The legislation introduced target what lawmakers call the root causes of the crisis: excessive litigation, bodily injury claims and large jury verdicts.

The bills would cap certain damages, restrict payouts to claimants mostly at fault, repeal pro-plaintiff legal presumptions and increase transparency in trials and billing. Other legislation would limit attorney fees, reduce venue shopping and address deceptive legal advertising and third-party litigation funding.

Gov. Jeff Landry had proposed insurance reform measures that also focused on home insurance rates.

Louisiana Insurance Commissioner Tim Temple also is pushing for auto insurance reform.

Small businesses also are suffering because of insurance costs.

“Louisiana’s small business owners are struggling with skyrocketing insurance costs, and stopping lawsuit abuse is essential to fixing the problem,” NFIB State Director Leah Long said. “Small businesses (are telling) their legislators these commonsense reforms are needed to stabilize the insurance market, reduce costs and ensure we have a legal system that treats everyone fairly.”
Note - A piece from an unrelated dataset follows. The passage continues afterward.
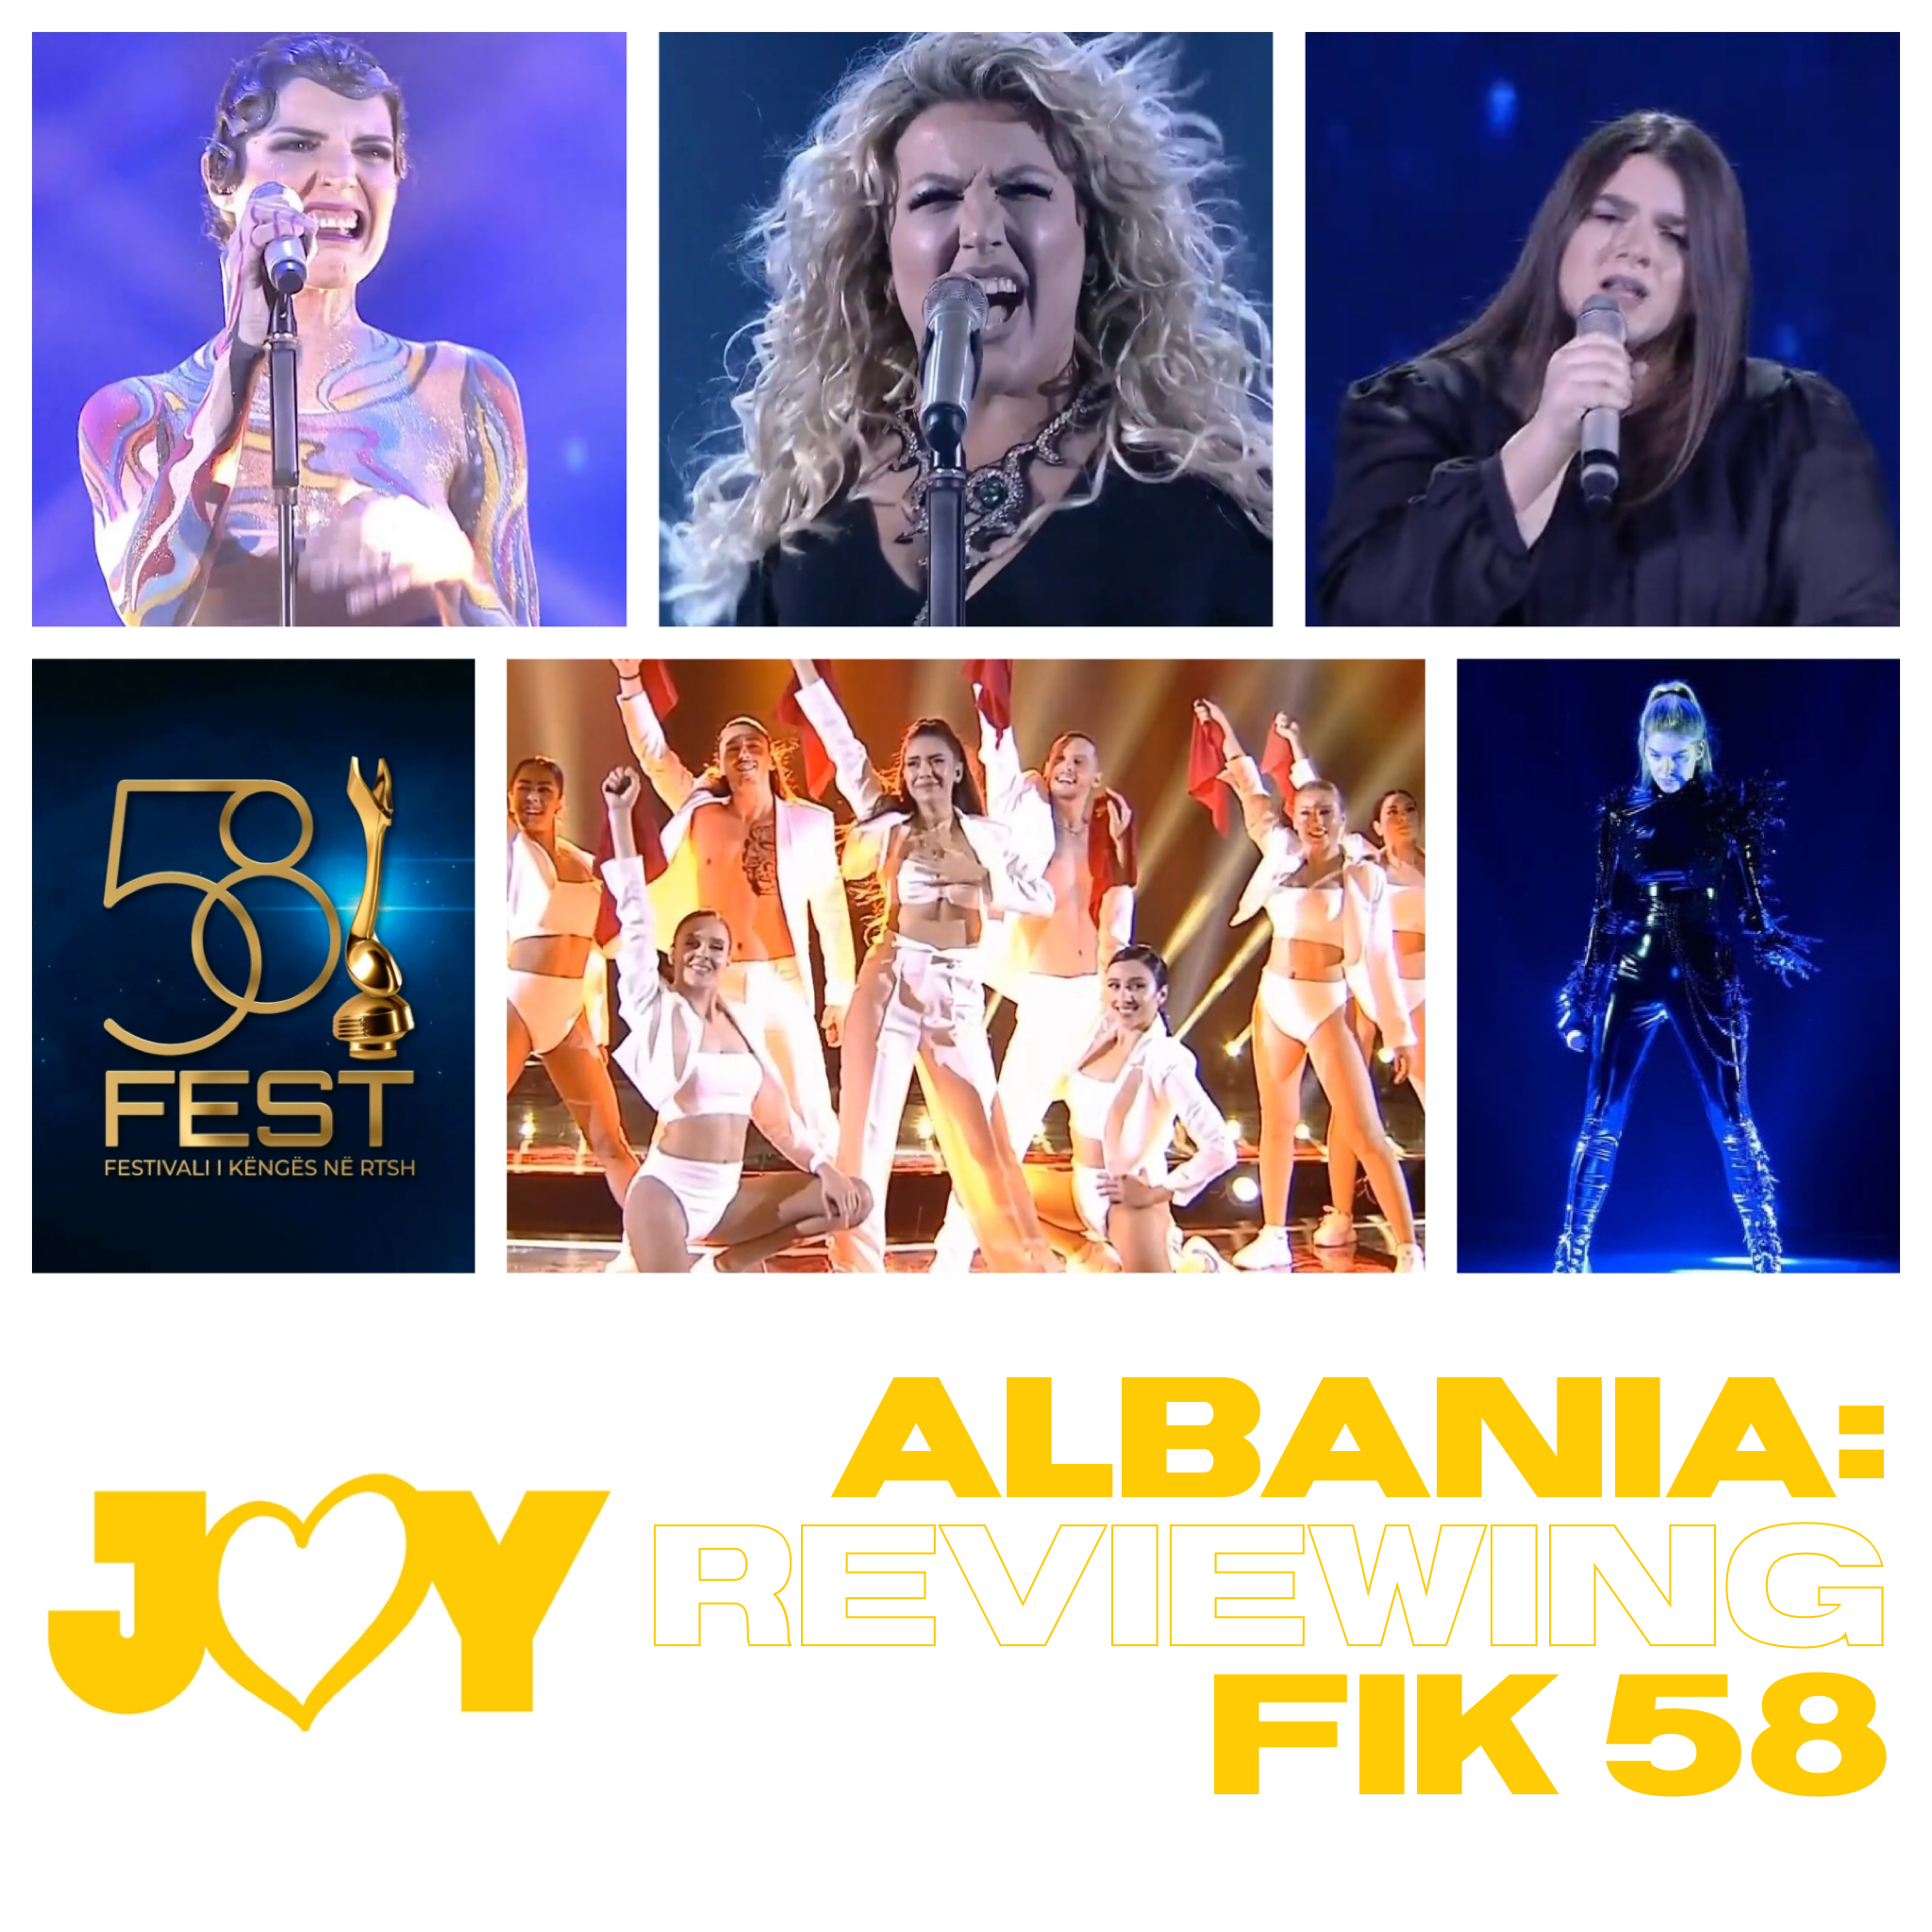 Albania’s sky is falling: Reviewing FiK 58

NFIB supports legislation that would:

* Ensure medical damages in personal injury cases are placed in a trust and used as intended, preventing excess costs from driving up insurance rates.

* Establish a $750,000 cap on non-economic damages such as pain and suffering to provide more predictability in insurance claims.

* Prevent individuals who are 50% or more at fault from recovering damages, reducing frivolous claims that inflate insurance premiums.

* Allow courts to consider both billed and paid medical costs in claims, preventing excessive awards contributing to rising insurance expenses.

* Require personal injury attorneys to notify defendants and their insurers within 10 days of taking a case, reducing litigation delays and uncertainty.

“Lawsuit abuse drives up insurance costs and takes money away from business growth, hiring, and community support,” Long said. “Passing these bills would ensure fairness and provide Main Street businesses with the certainty they need to focus on serving their customers and strengthening Louisiana’s economy.”